Some factors shown to increase anxiety include very high levels of social contact, dysfunctional patient-caregiver relationships, and high physical dependency. Other factors that can negatively impact anxiety in older adults include boredom, social isolation, and unmet physical needs for proper nutrition, warmth, and cleanliness, for example. Pharmacologic treatment options for those with panic disorder can include a short course of benzodiazepines and long-term SSRIs or SNRIs. Cognitive behavioral therapy has proven to be a particularly effective nonpharmacologic approach to treatment of anxiety and panic. As-needed medications for anxiety can be helpful in the initial weeks of treatment as the therapeutic effect of SSRIs and SNRIs is approached. Useful medications for as-needed treatment of anxiety include low-dose trazodone (25 or 50mg every 4-6 hours as needed). Other options might include gabapentin, mirtazapine, or low-dose propranolol.
Primary health care providers and mental health professionals are likely to be engaged with family or care staff with questions regarding end-of-life care issues in those in the terminal stages of major neurocognitive disorders. Those who provide care in the long-term care setting should be familiar with issues regarding end-of-life care in MNCD. Palliative care is an approach to medical care that focuses on providing relief from pain, other symptoms, and the physical, emotional, and psychosocial stress that individuals with serious illnesses may experience. The primary goal of palliative care is to improve the quality of life for patients and their families, particularly when dealing with complex, chronic, or terminal medical conditions. Hospice care is appropriate for patients that are entering the terminal stage of illness and is provided through a licensed hospice agency. The hospice care model focuses on improving comfort and quality of life. It is a holistic approach that encompasses physical, emotional, social, and spiritual support and can be provided in almost any care setting.

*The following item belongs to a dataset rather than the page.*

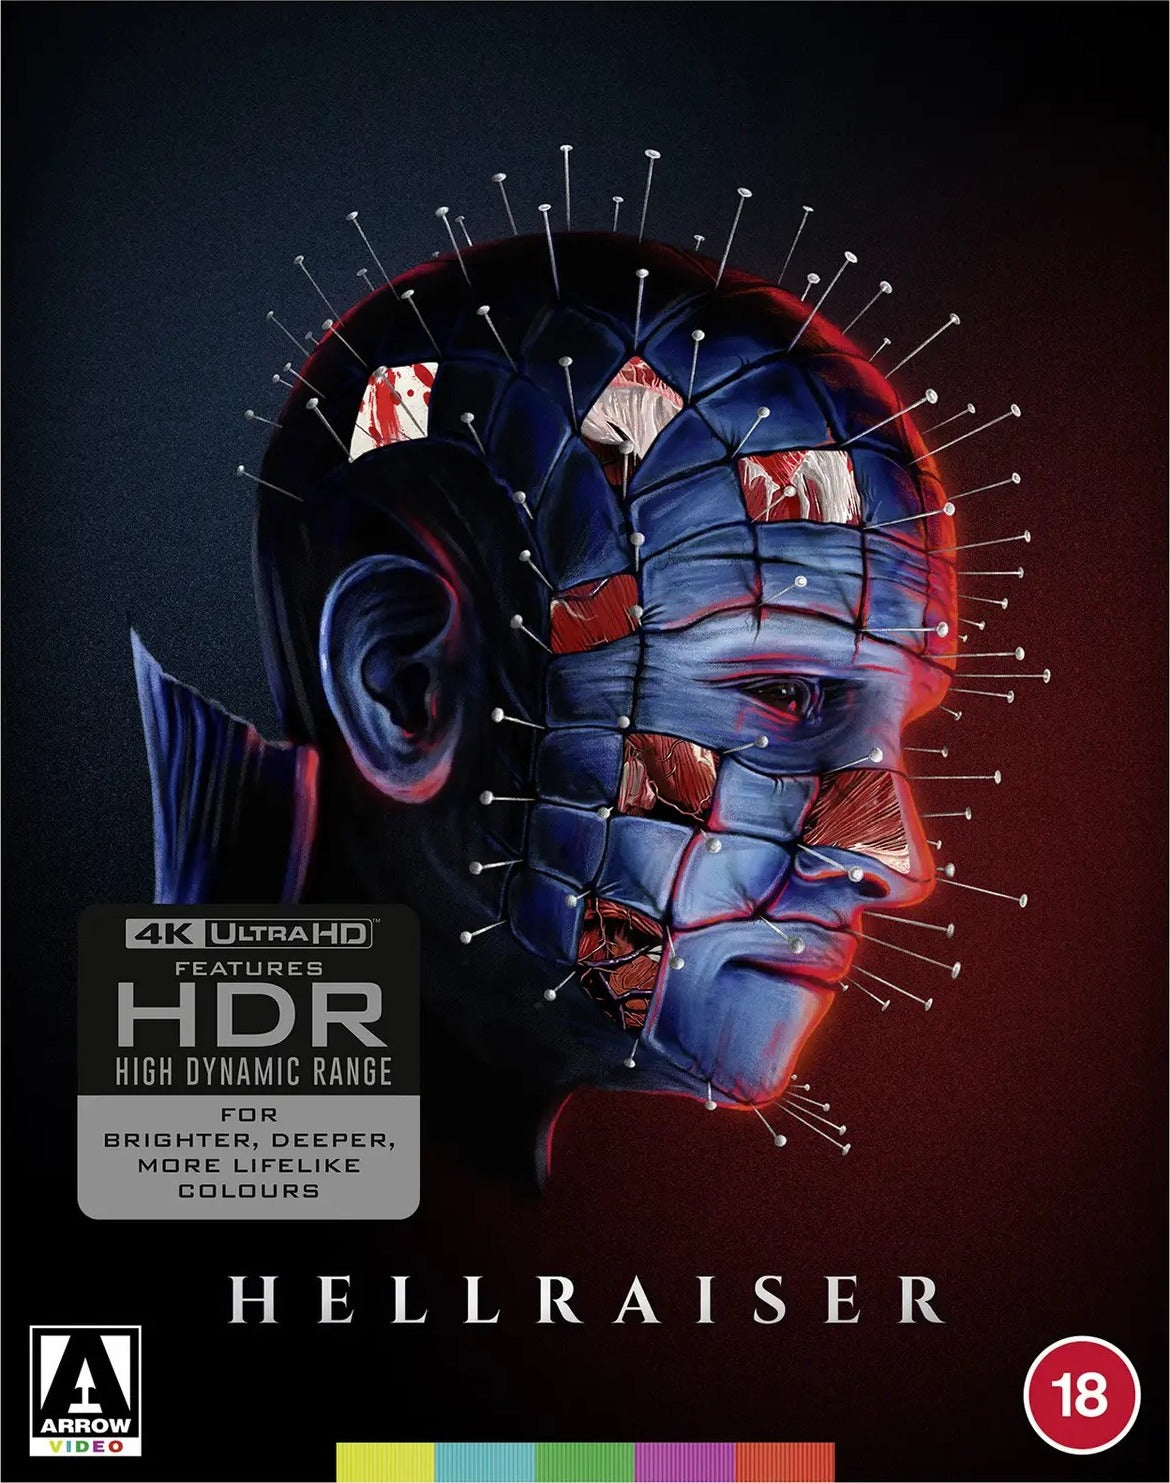 HELLRAISER (REGION FREE IMPORT - LIMITED EDITION) 4K UHD

The implications of unrecognized pain in those with MNCD are far-reaching. Untreated pain can lead to the destabilization of psychiatric conditions such as anxiety, depression, and agitation. Those with cognitive impairments are more likely to have longer waits for the evaluation of pain and receive weaker analgesia.As needed pain medications given to those with MNCD in the LTC setting may depend too heavily on the judgment of those inadequately trained to assess pain. Regularly scheduled pain medications may be a more appropriate option. Always keep the possibility of medication error in the differential diagnosis for apparent changes in mental status. Inadequate pain control negatively impacts mental health in older adults. Those with MNCD with inadequately controlled pain may present with atypical symptoms when compared to those without MNCD. Consider both pharmacologic and nonpharmacologic interventions when formulating a treatment plan for chronic pain in older adults. Opiates may have the best benefit/risk ratio for the treatment of chronic pain in some older adults.